Студентка грубо передразнила ее и сказала:
— Чего ты смеешься-то? На твоего парня знаешь сколько желающих? А на тебя? Будто этот Айвар на тебе женится! Они на своих женятся, или ищут иностранок побогаче, а с тобой он просто из жалости закрутил. До чего ты дожила-то, Нери, — уже черные оборванцы тебя жалеют!
— А если женится? — вдруг спросила Нерина холодно и жестко.

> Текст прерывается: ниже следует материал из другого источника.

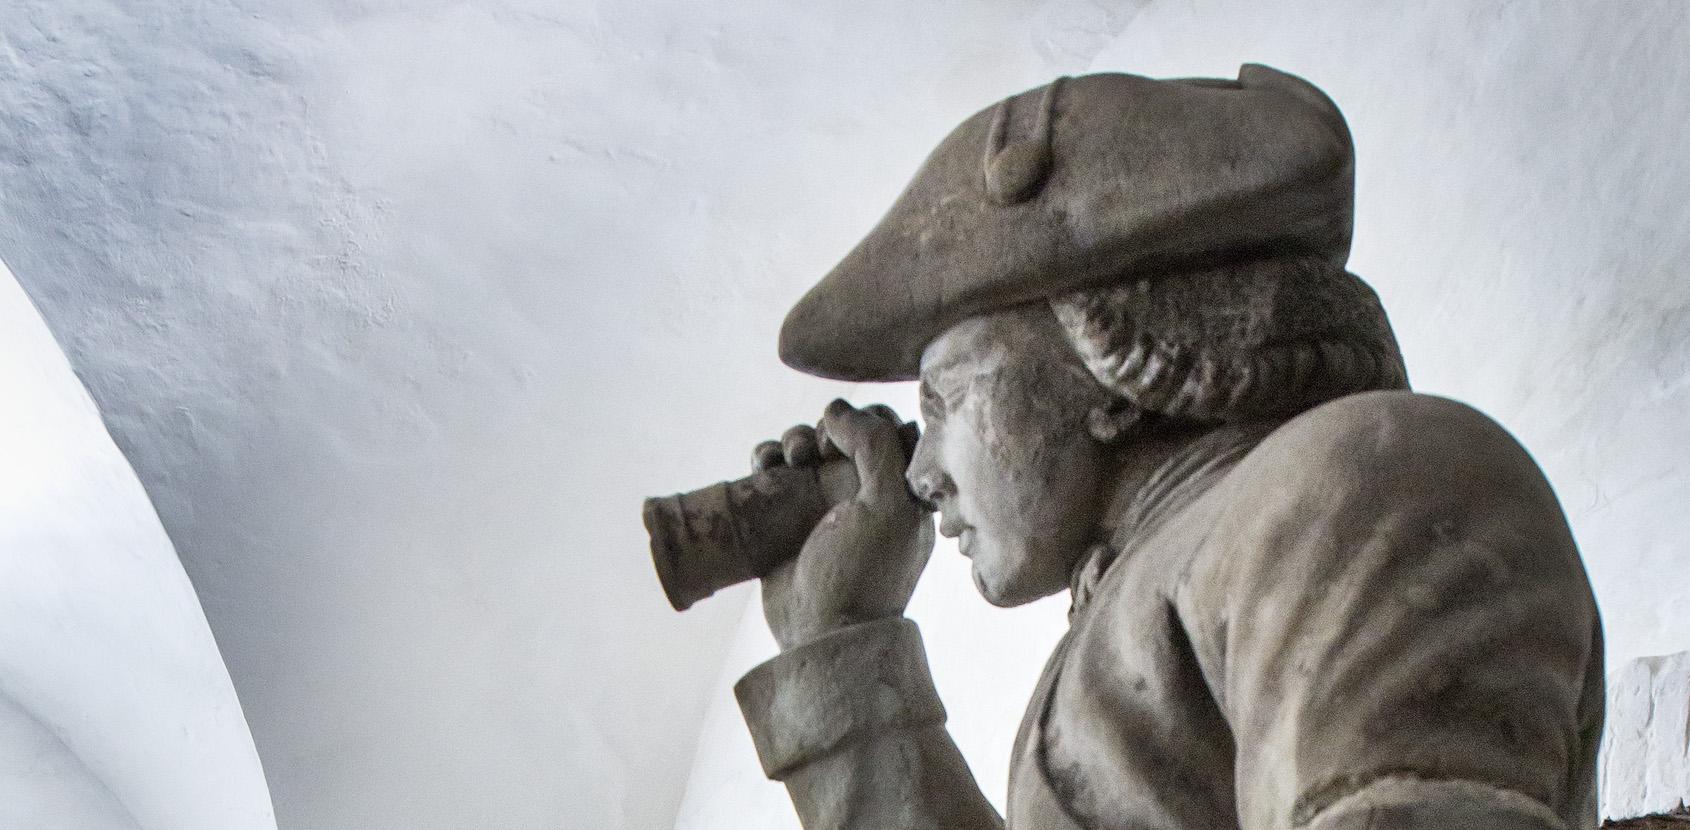 Mand med kikkert. Kongernes Lapidarium. Foto: Thorkild Jensen

Сам Айвар ничего не знал об этом разговоре и о ее размышлениях. Ему нравилось общаться с этой умной, тонкой, мечтательной девушкой вне постели, но он философски относился к тому, что она скоро уедет на родину и мало что запомнит о нем кроме интимной плоскости. Нерина останется приятной частью его прошлого, но у нее своя дорога, а ему нужно думать о собственной, которая никогда больше не пересечется с этим баром, с этими туристами, их требованиями, порой издевками, и уж особенно с проституцией. Вот надо проводить Нерину — и все, только его здесь и видели. А ей не нужно слишком к нему привыкать.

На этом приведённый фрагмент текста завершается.